The demonstration application uses an abstract class here in order to support the DRY principle. Since both KafkaProducer and SimpleConsumer have common shutdown behavior, it's best to put the behavior that can be shared in a single location, hence the justification for AbstractSimpleKafka. Logic in AbstractSimpleKafka does the work of intercepting process termination signals coming from the operating system and then calling the shutdown() method. All that's required for a class that inherits from AbstractSimpleKafka is to provide graceful shutdown behavior specific to the inheriting class by overriding the shutdown() method. All this is illustrated in Figure 3.

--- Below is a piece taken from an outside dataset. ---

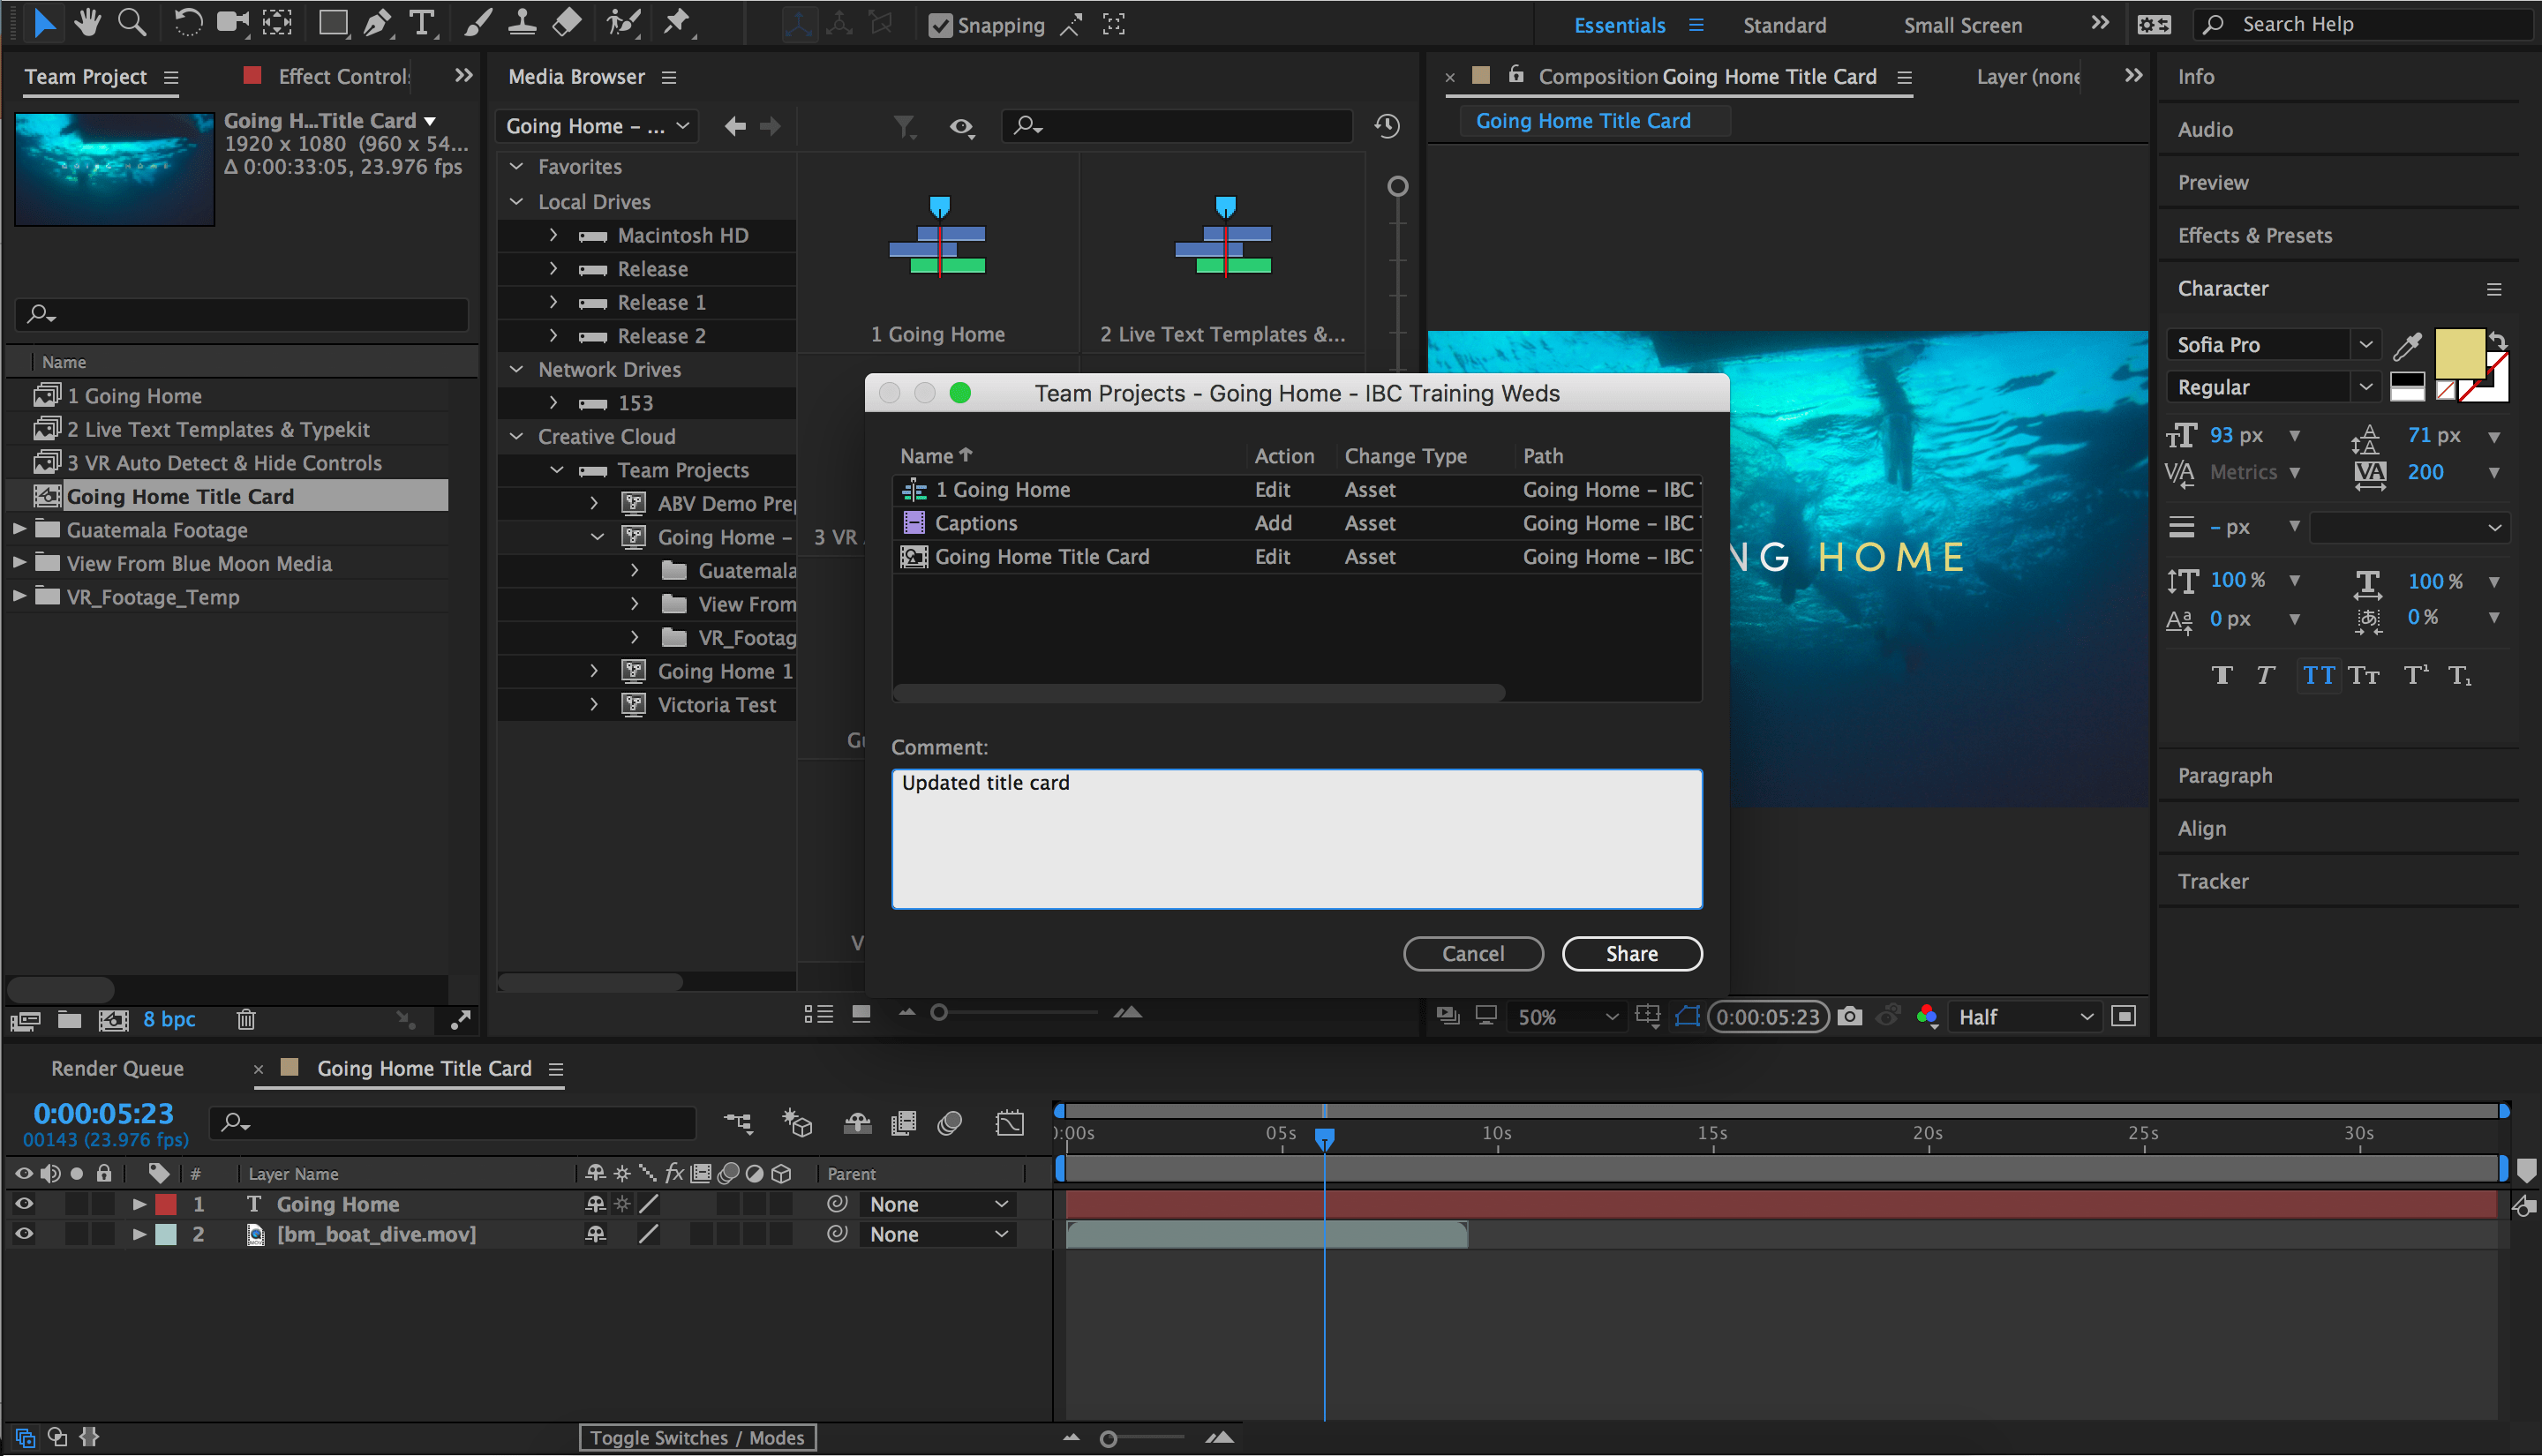 Effects preset. Adobe after Effects cc 2016. Adobe after Effects cc 2021. Project Control Premiere Pro. Adobe after Effects 2021 18.2.0.37\.

Diagram showing the he SimpleProducer class emitting messages with random text data to a Kafka broker
Figure 3: The SimpleProducer class emits messages with random text data to a Kafka broker.

 

To get a new instance of KafkaProducer that is bound to a Kafka broker, pass the configuration values defined in config.properties as a Properties object to the KafkaProducer constructor. As mentioned, the PropertiesHelper class encapsulates loading the keys and values defined in the config.properties files and then exposing the information as a Properties object. The following listing shows the getter method that returns the internal KafkaProducer object that SimpleProducer uses.

private KafkaProducer<String, String> getKafkaProducer() throws Exception {
        if (this.kafkaProducer == null) {
            Properties props = PropertiesHelper.getProperties();
            this.kafkaProducer = new KafkaProducer<>(props);
        }
        return this.kafkaProducer;
    }

In the next listing, the SimpleProducer method runAlways() uses the protected method send() to emit messages to the Kafka broker defined in config.properties. The method will send messages continuously every 100 milliseconds until the process in which the class is running is terminated.

 public void runAlways(String topicName, KafkaMessageHandler callback) throws Exception {
        while (true) {
            String key = UUID.randomUUID().toString();
            //use the Message Helper to get a random string
            String message = MessageHelper.getRandomString();
            //send the message
            this.send(topicName, key, message);
            Thread.sleep(100);
        }
    }

The send() method uses the values of its key and message parameters passed to create a ProducerRecord object. This object is the lingua franca by which messages are passed to a Kafka broker by way of the internal KafkaProducer object.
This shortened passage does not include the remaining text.